The Milkweed Connection
By feeding on the toxic milkweed plant the caterpillar is not only growing itself at an amazing pace it is also protecting itself for the rest of its life. The chemicals (cardenolides) stored in the Monarch body taste terrible and are poisonous to insects, birds, and other predators that may try to feed on them. As common with many animals in nature, if they are poisonous, they advertise this with bright colors, high contrast, and distinguishing marks just as the Monarch does. This strategy also benefits them as they overwinter in mass along the coast. It doesn’t take long for the potential predators to figure out that while the Monarch’s might be easy pickings they are not very tasty.

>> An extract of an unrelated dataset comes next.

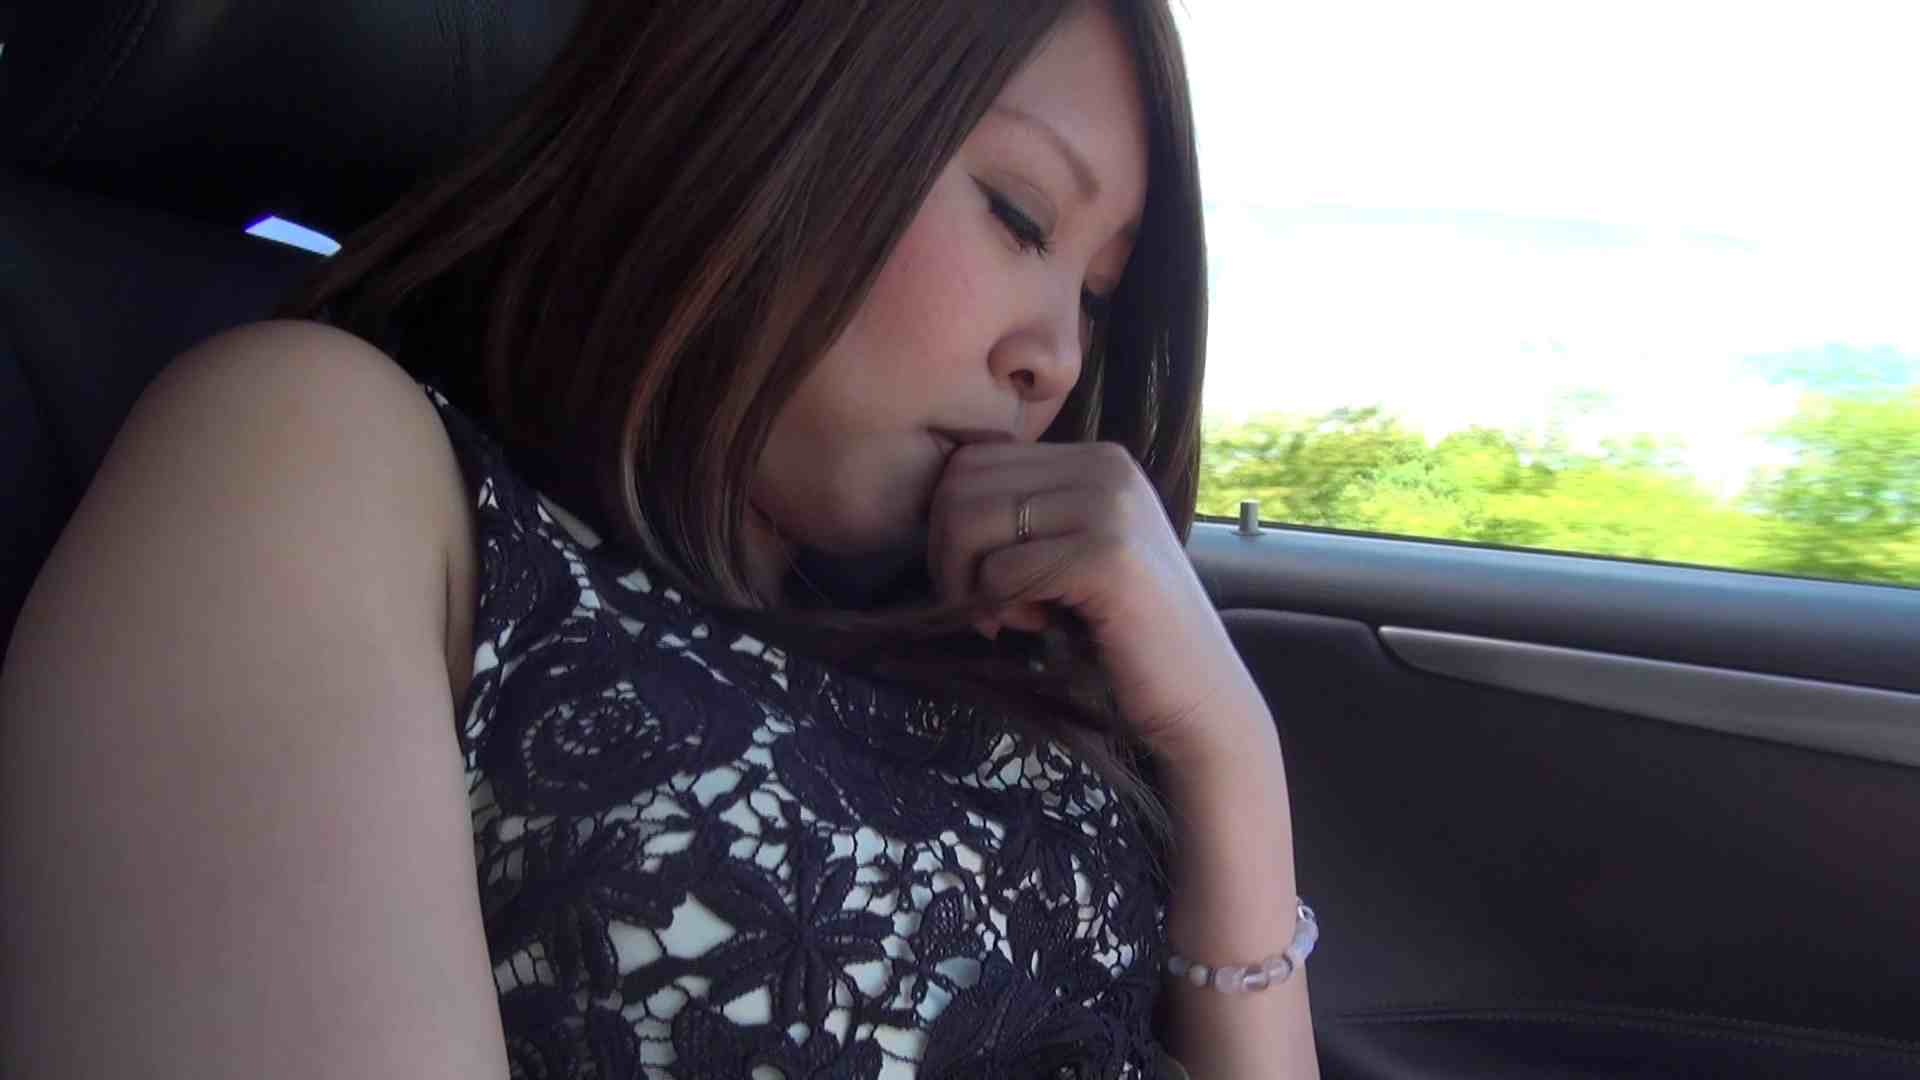 episode6 ドライブ中に・・・妻に強せいオナニー オナニー  106pic 28

The Mystery of Monarch Migration
It is still not understood or agreed upon how Monarchs that have never been to their over-winter locations make the up to 2000-mile journey. It is probably a constellation of factors including the magnetic field of the earth, the position of the sun, use of ultraviolet light receptors, chemical smells, and other factors not yet recognized by scientists that guide the way.

Imagine your species survival is at stake. Imagine never having been shown the location or the way to the critical habitat for your species. Imagine navigating from 2000 miles to only a relatively few locations that will allow you to survive the winter. Imagine negotiating the challenges of winter storms, extreme temperatures, drought, habitat loss, pesticides, and the windshields of speeding cars. Imagine you must go. Now—wonder—the miracle of the Monarch.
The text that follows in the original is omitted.